A wonderful poet who writes about place most of all. And of intertwined in those places are memories of people he's known, the brutal history of Europe, cityscapes, water, nature and, of course, the passage of time into death. I like him a lot, his later poems probably more consistently. Well worth reading each poem over four years, slowly and one at a time.
Interesting play with language, leaps, turns, all of which were compelling to this reader. Some ekphrastic poems: "Dutch Painters," "Vermeer's Little Girl," "Degas: The Milliner's Shop," etc. I especially loved the inclusion of his new poems. The poem, "Try to Praise the Mutilated World" is stunning! I use this poem in each of my classes. Read this book!

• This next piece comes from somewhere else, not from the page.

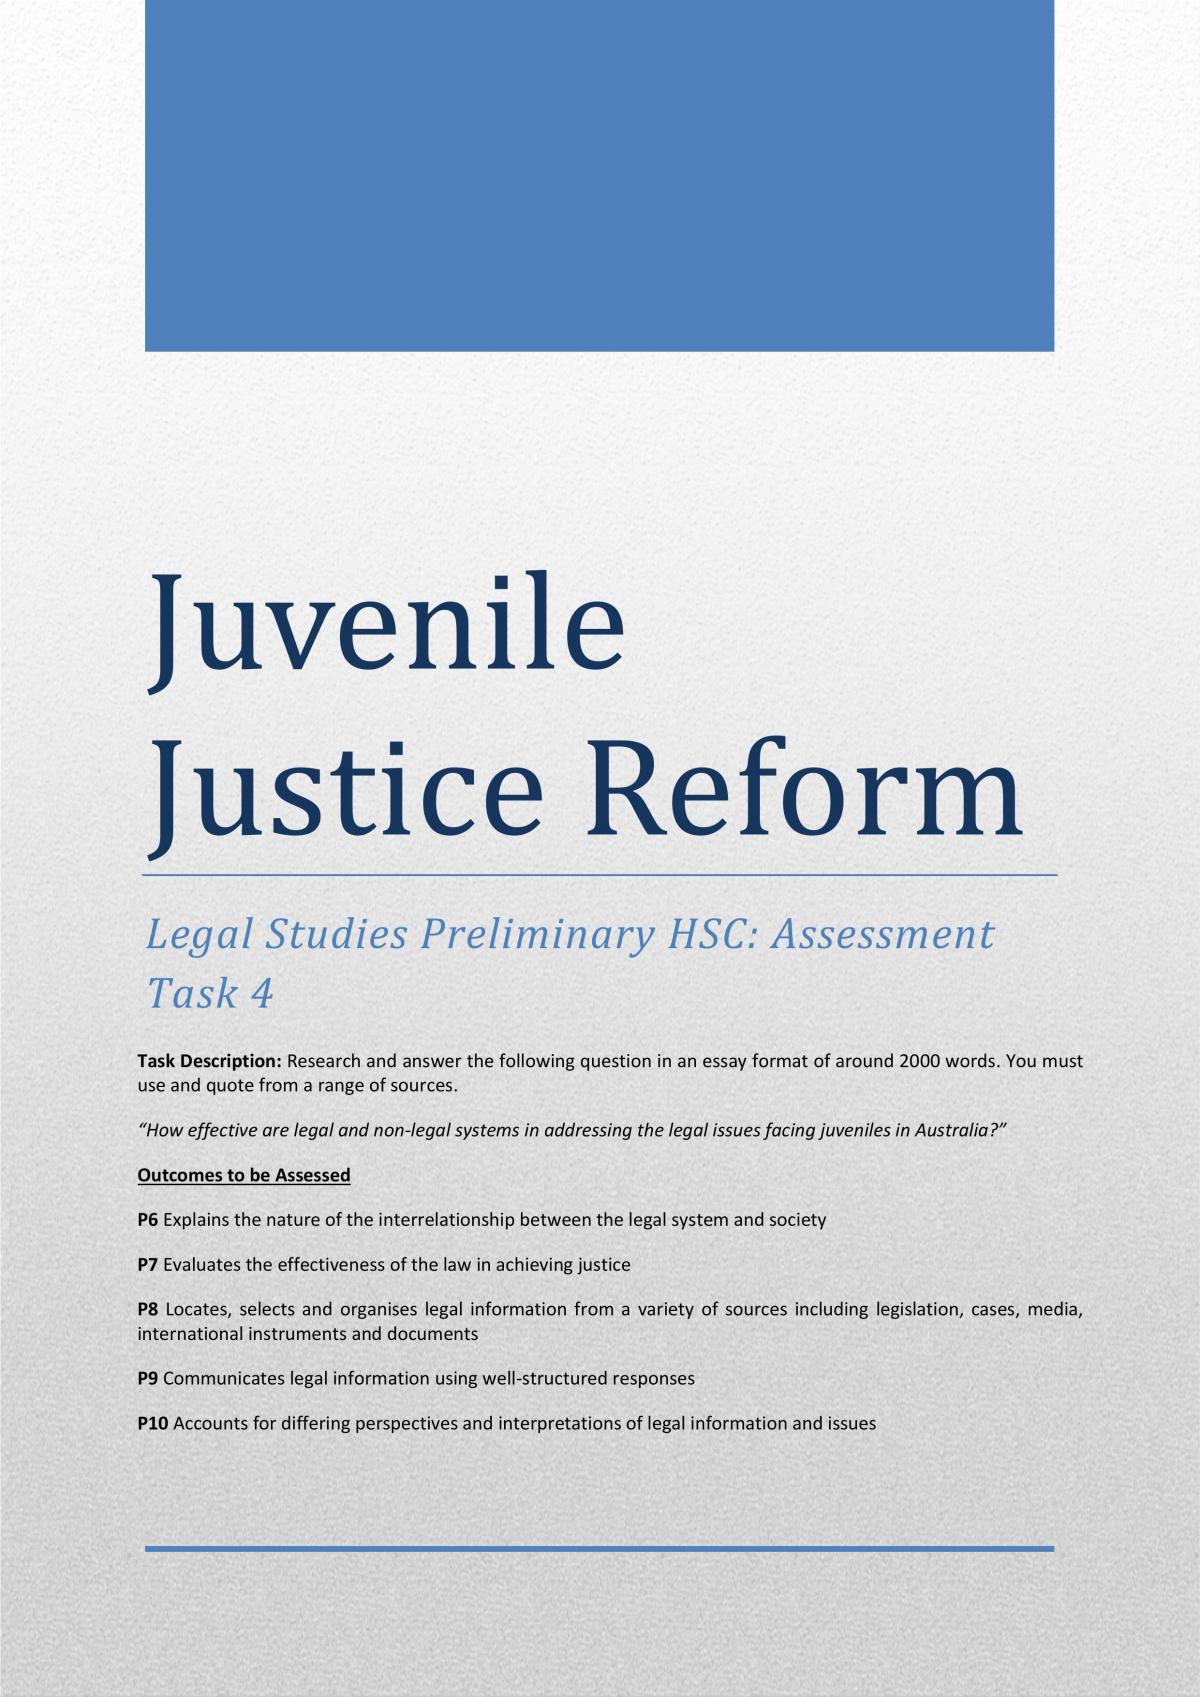 juvenile justice essay thesis

Walk through the remembered streets and crisp midnights of one of the best poets of our time.
Favorites from this book
At Midnight Self Portrait Sunrise over Cassis R. Says Transformation Shell Degas Planetarium Airport in Amsterdam The Close of Summer Don't Allow the Lucid Moment to Dissolve
The joy of a collected poems is seeing the repeated images and ideas that recur over the years. Zagajewski was absolutely masterful at the quiet city at dusk, with both beauty and violence (always the state’s doing) on the horizon.
"God, give us a long winter and quiet music, and patient mouths, and a little pride—before our age ends. Give us astonishment and a flame, high, bright."